Sewing & Donating Homemade Face Masks

Homemade Face Masks for Hospital Donation

This week, I’ve redirected my extracurricular efforts towards sewing face masks at home. More and more hospitals and health facilities have opted in to accept donations of homemade face masks alongside commercially produced PPE. Not because they are a substitute for N95 or real surgical masks – they are not! – but because they are better than nothing when (and it sounds like it will be when, not if) PPE runs out.

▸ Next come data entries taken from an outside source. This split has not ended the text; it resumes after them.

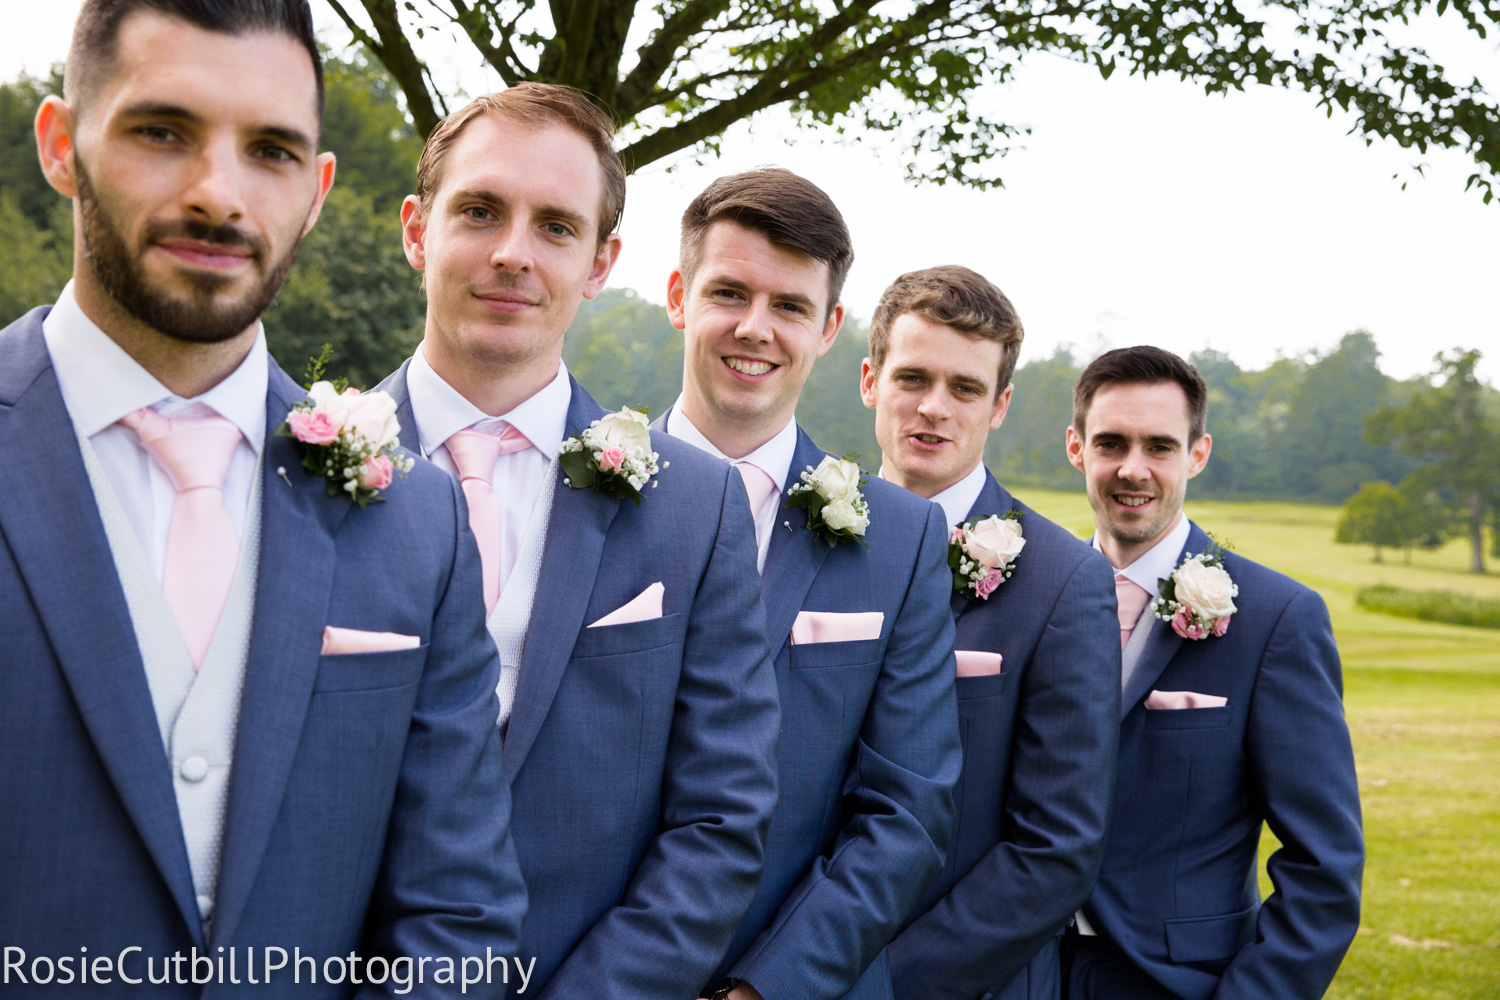 Wedding blog bamboozled by photography styles photographers help groomsman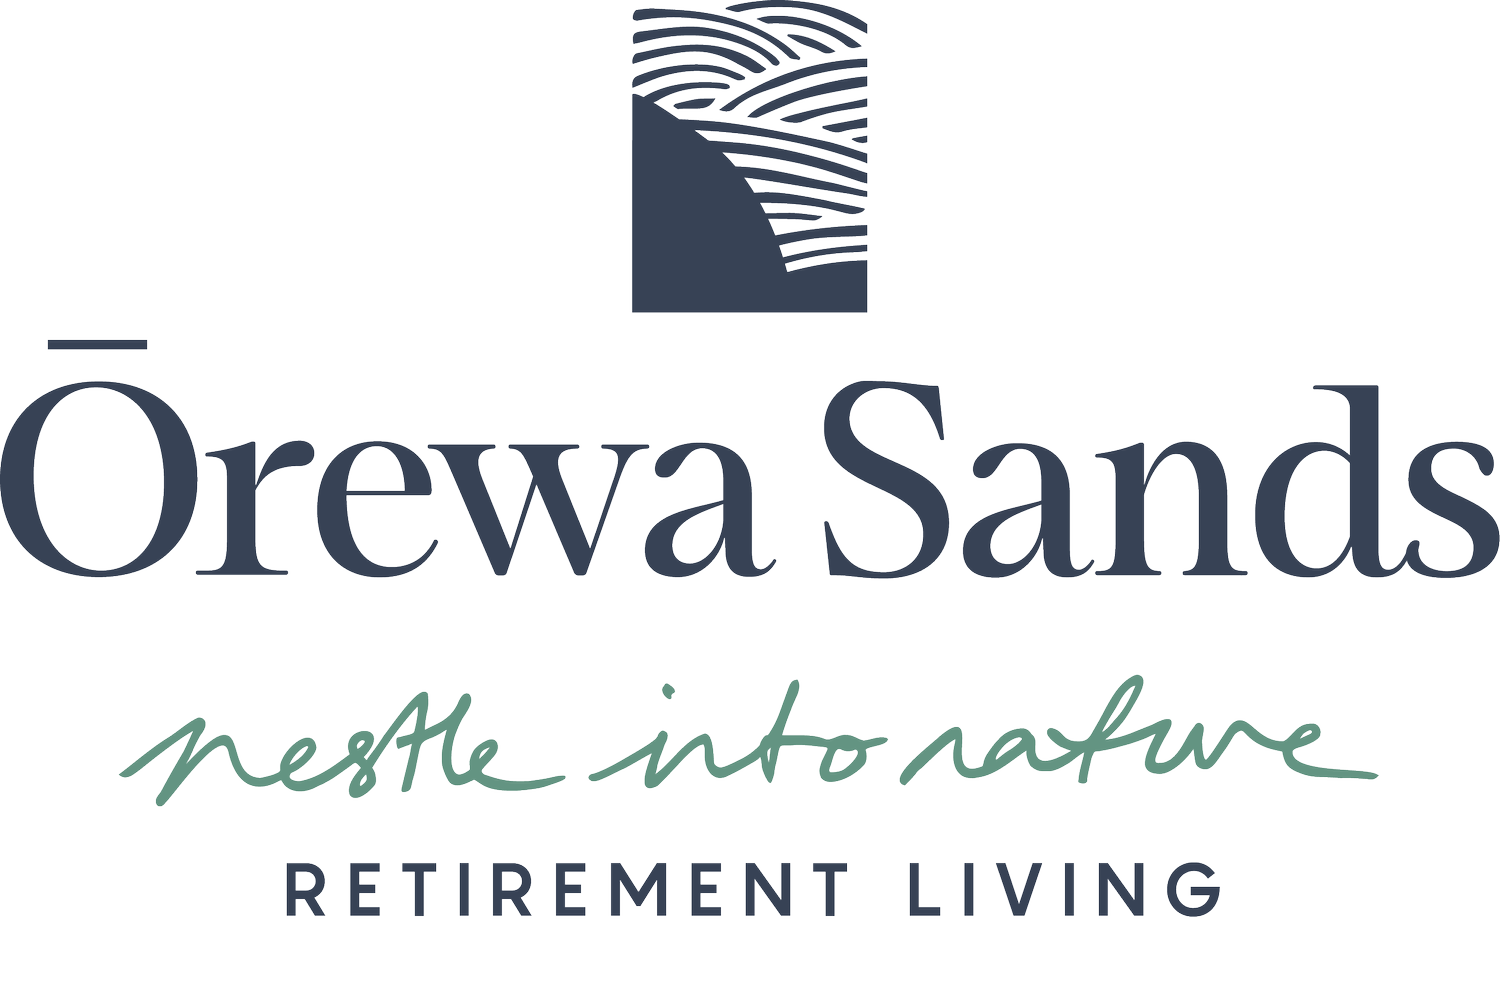 Orewa Sands Senior Living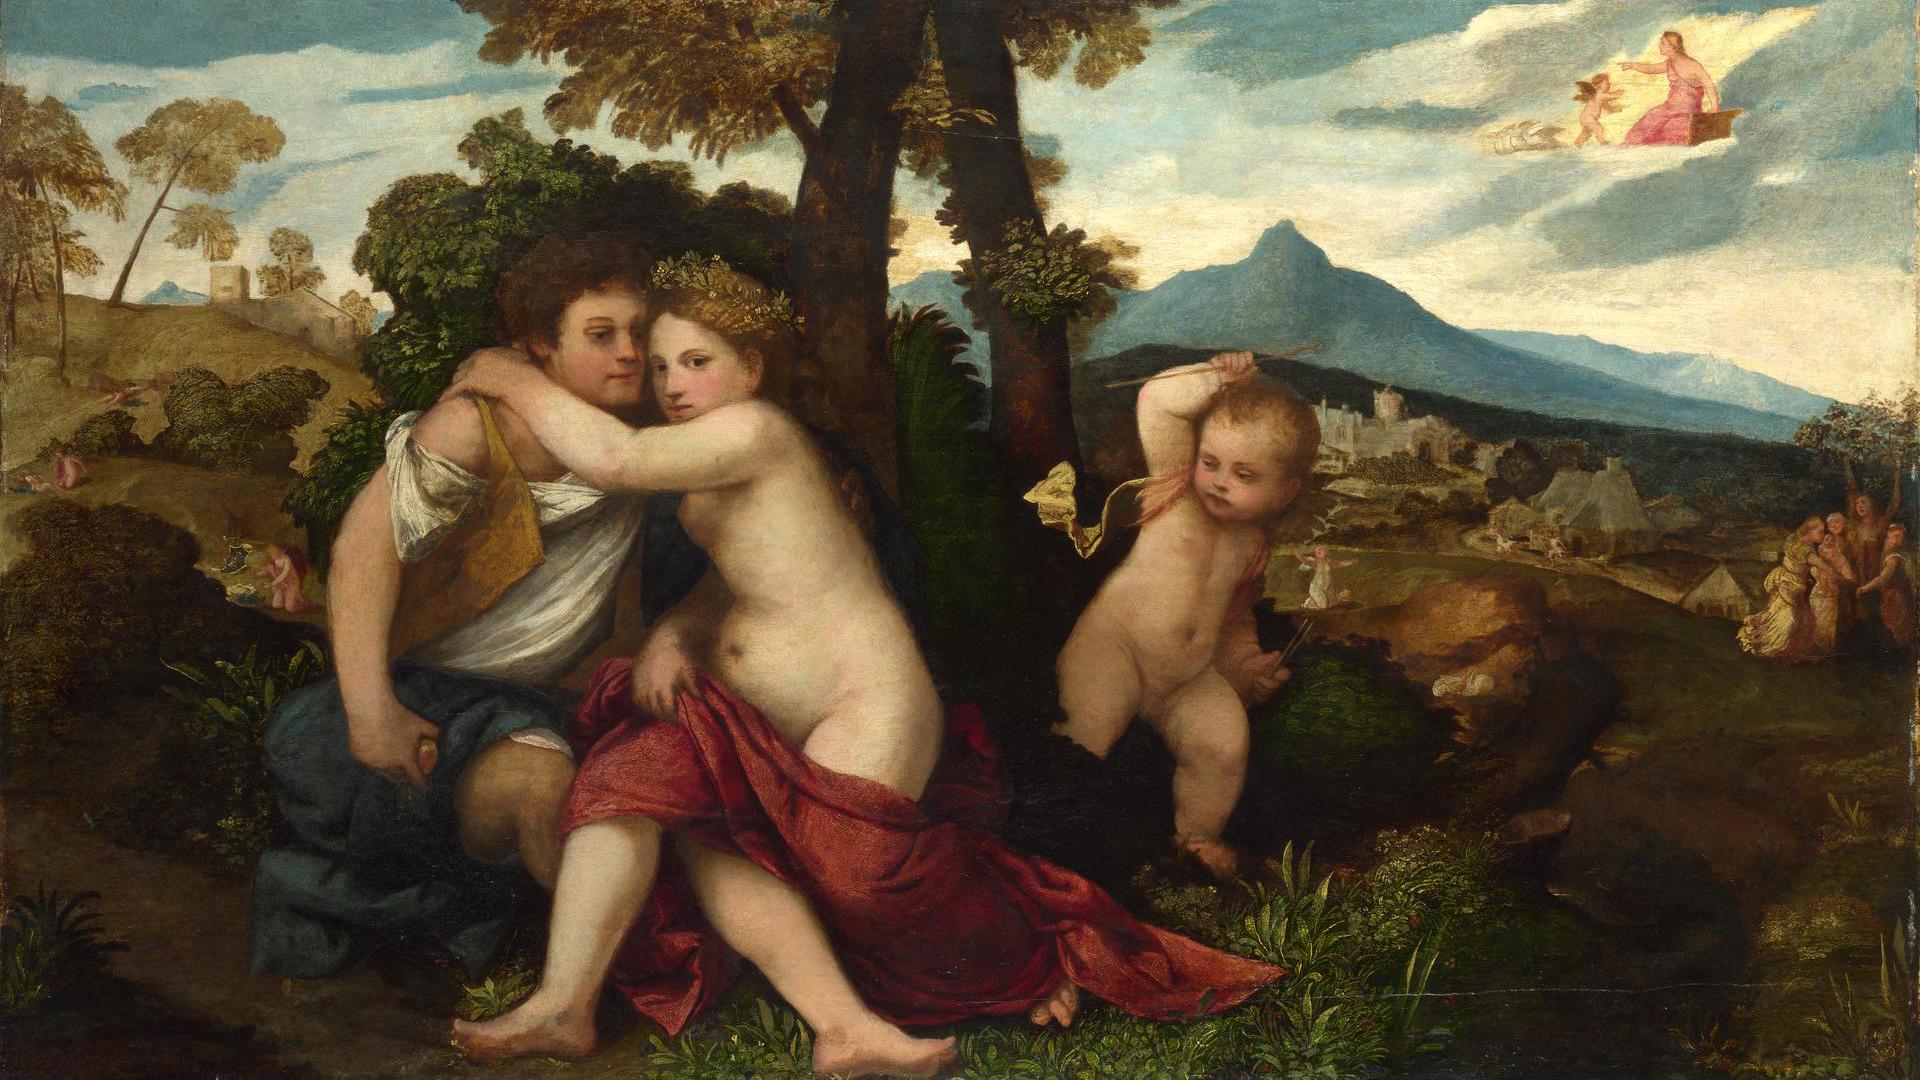 Mythological Scene by Follower of Titian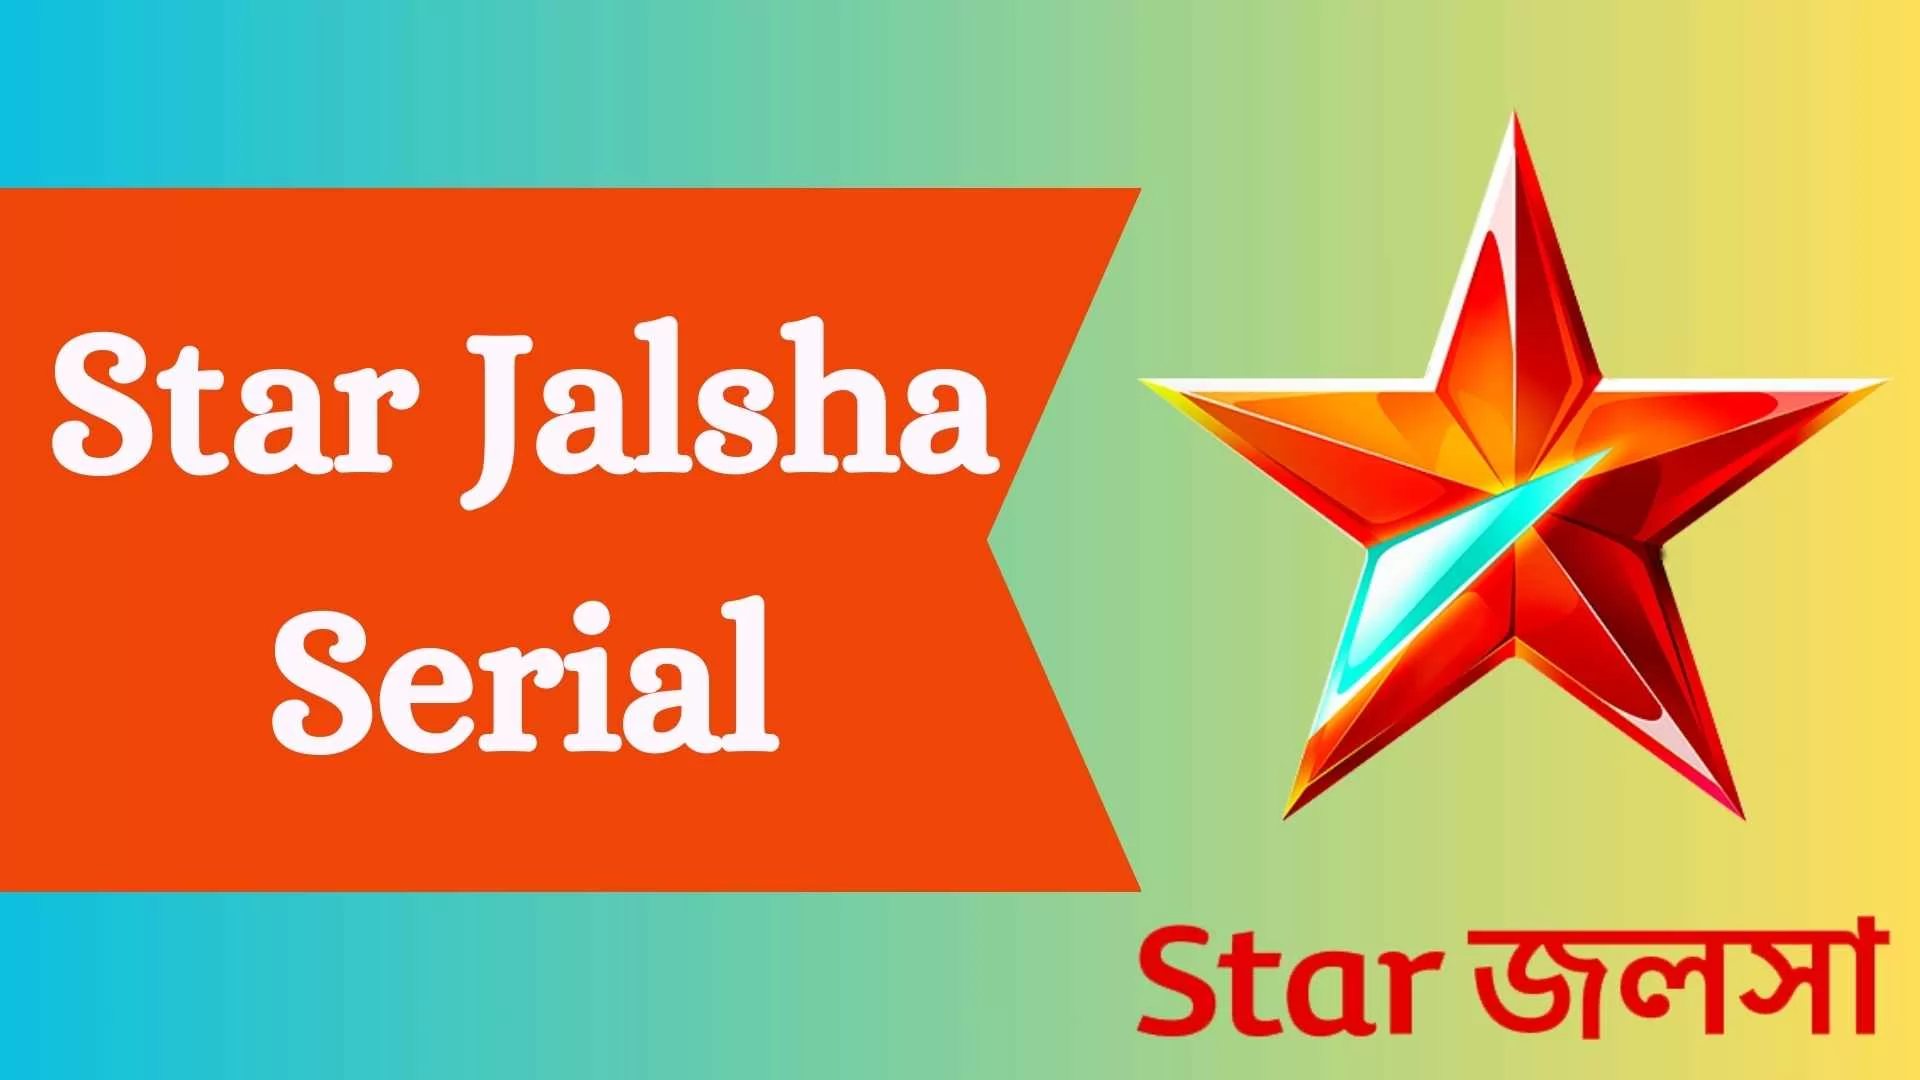 Star Jalsha Serial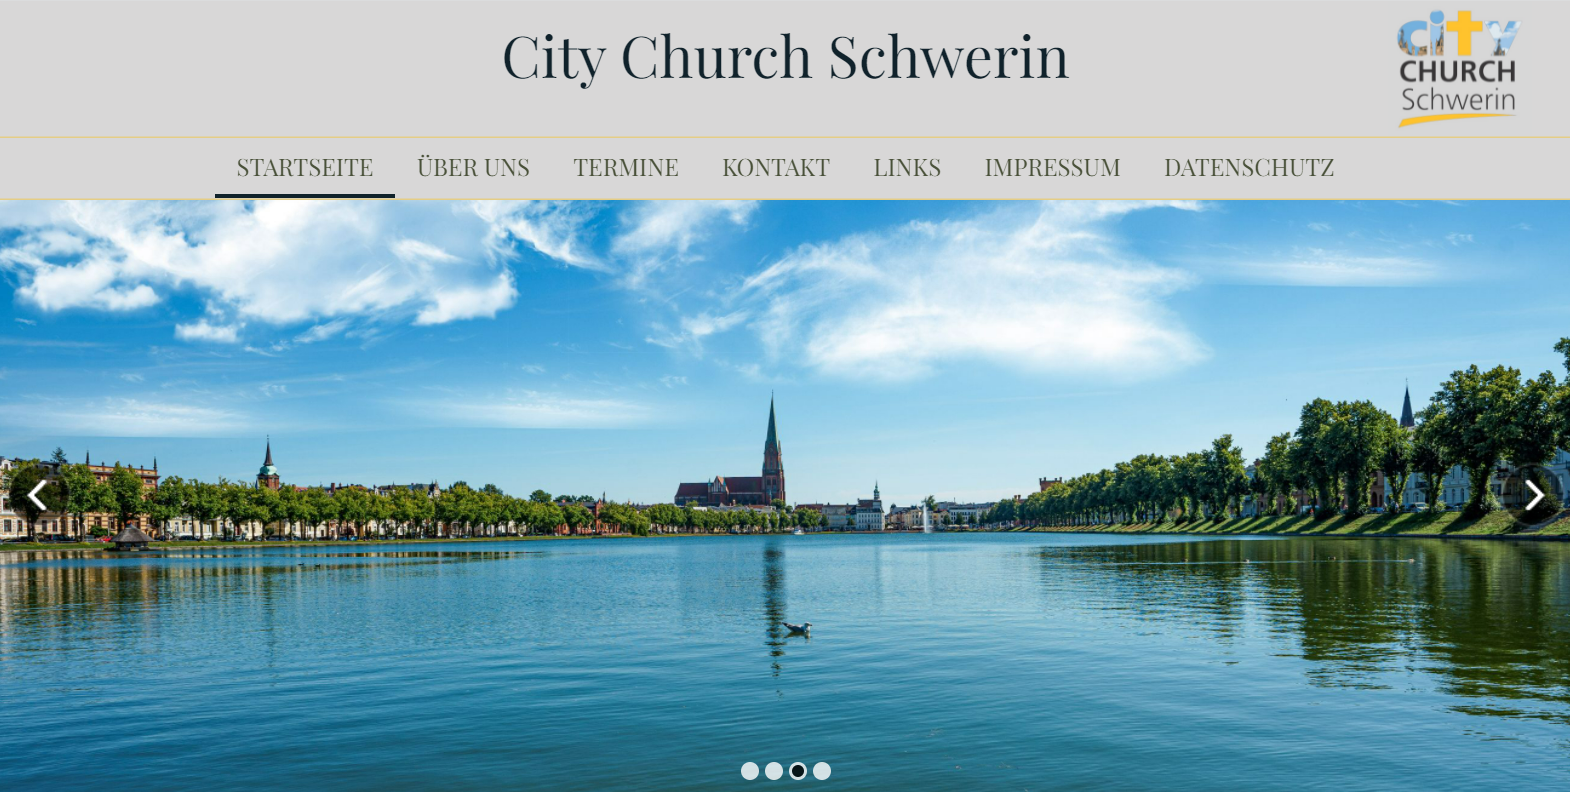 City Church Schwerin

It has been inspiring to see seamstresses at Elizabeth Suzann and State the Label take initiative in contributing to these efforts, along with many others per the NYTimes. After reading this LAist article and seeing many local hospitals listed in this UC Berkeley student-built list, I decided to do the same. If you’re interested, here are some resources to help out!

What you need:

  • A sewing machine:
    • It’s been very difficult to find any locally, with non-essential businesses closed and JoAnns and Michaels completely sold out online of entry-level machines.
    • However, Amazon does still have plenty in stock (with a reasonable Prime shipping date). I have this Singer machine which has worked well in sewing the thick pleats required in some mask designs.
  • Elastic:
    • Another hot commodity that is sold out at both online craft stores and on Amazon (they’re “in stock”, but they don’t ship until May).
    • Etsy has been a good source of “alternative” elastics that can still function perfectly, such as these ribbon elastics typically used for hair ties
  • Alternative to Elastic:
    • If you can’t find elastic, an alternative is to make a face mask with two ties that tie around the back of the head (example farther down below)
    • I’ve done this with 1″ (25mm) bias tape, which I made from scrap fabric with this bias tape maker
    • A time-saving alternative (I don’t know about you, but it takes me forever to make bias tape) is chunky t-shirt yarn, as long as it’s made mostly of cotton
  • Thread:
    • Obviously thread, which seems to be in healthy varied supply on Amazon. If you can’t find it online, you might be able to find some at your local Walgreens / CVS / Rite Aid.
  • 100% Cotton Fabric:
    • This is key – most places will only take 100% cotton masks. I used fabric quarters (18″ x 22″) that I already had from JoAnn, like these. They’re currently having a sale on quilting fabric (100% cotton) for $4.99/yd that you can order online and pick up curbside.
    • NOTE: wash and dry (on hot) the fabric before sewing masks, to pre-shrink the material – otherwise, they may not fit.

Mask Sewing Patterns:

There are many mask patterns out there – before you commit to any one, check the place you plan to donate to and see if they have a preference. Most healthcare facilities will list whether they are accepting homemade masks and their preference on their website. Kaiser Permanente, for example, lists a surgical mask design on their site.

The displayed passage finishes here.